Mapping Design Mechanisms to Implementation Mechanisms

The persistence design mechanisms can be mapped to implementation mechanisms as Figure 2 shows:

How persistence design mechanism map to implementation mechanism

Figure 2. How persistence design mechanism map to implementation mechanism

A possible mapping between analysis mechanisms and design mechanisms. Dotted arrows mean "is specialized by," implying that the characteristics of the design mechanisms are inherited from the analysis mechanisms but that they will be specialized and refined.

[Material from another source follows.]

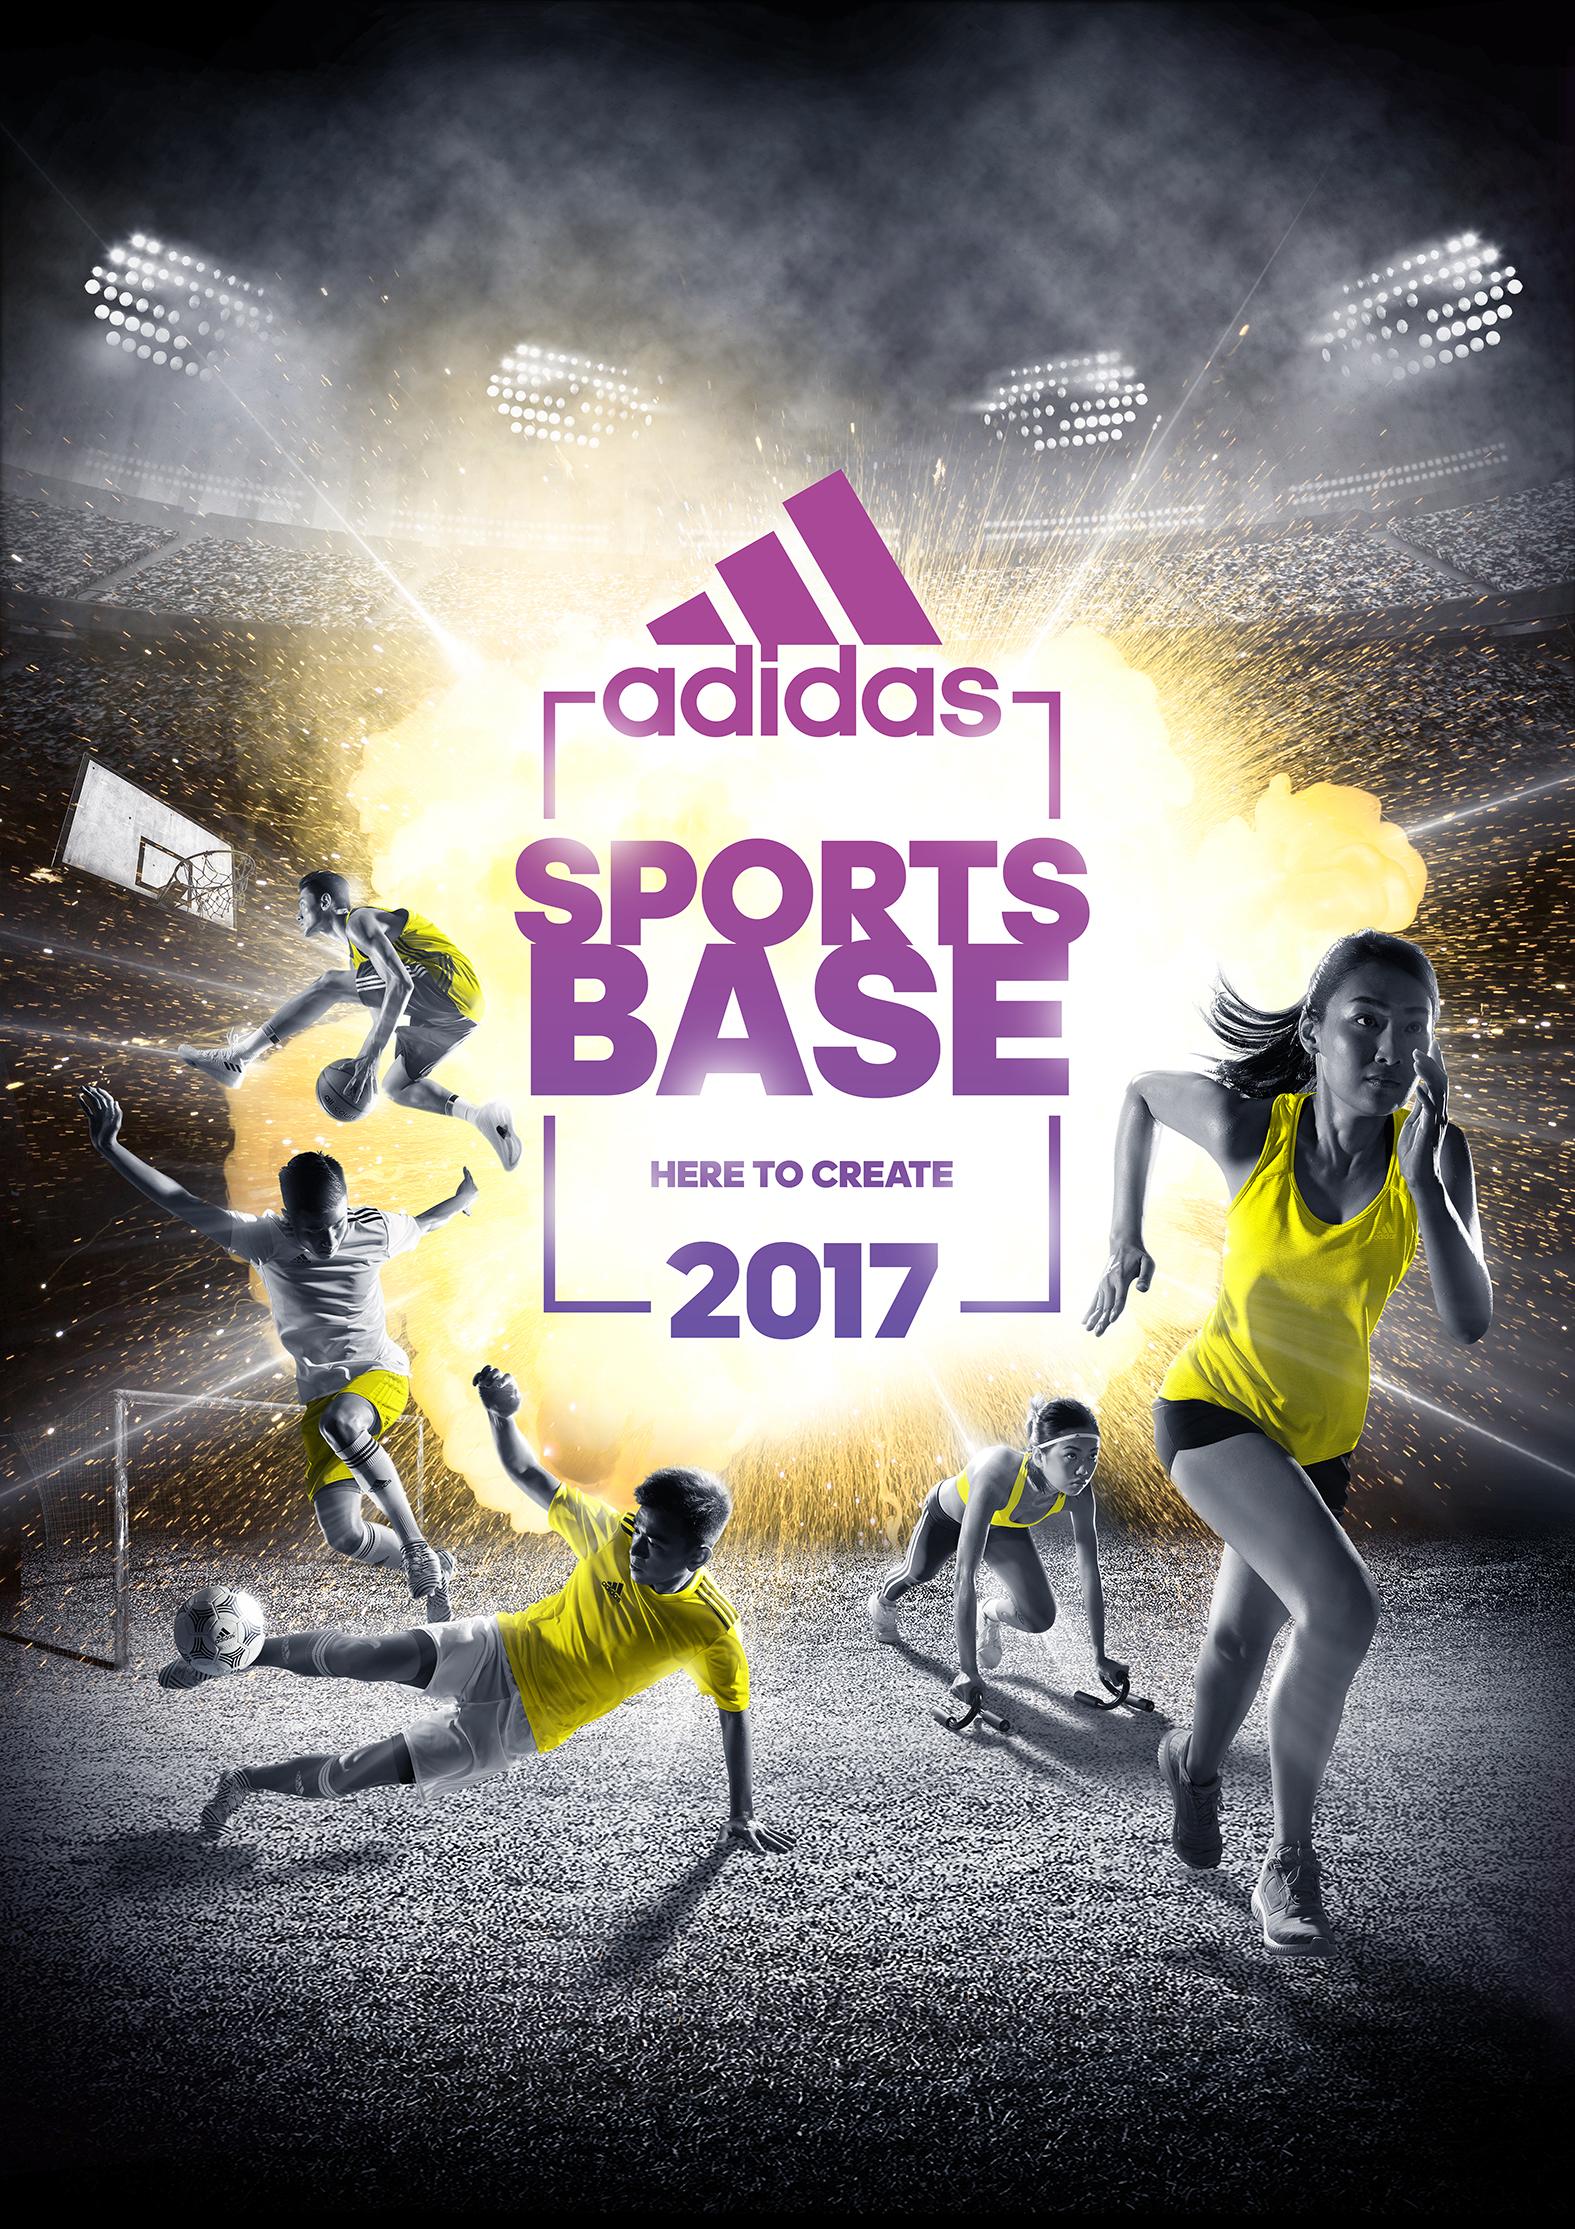 Adidas-Sportsbase-KeyVisual-Portrait-Final.jpg

After you have finished optimizing the mechanisms, the following mappings exist (see Figure 3):

Illustration of mapping structure after optimizing the mechanisms

Figure 3. Mapping structure after optimizing the mechanisms

The design decisions for a client class in terms of mappings between mechanisms. The Flight class needs two forms of persistency: in-memory storage, implemented by a predefined library routine, and a database, implemented with an off-the-shelf ObjectStorage product.

The map must be navigable in both directions to make it easy to determine client classes when changing implementation mechanisms.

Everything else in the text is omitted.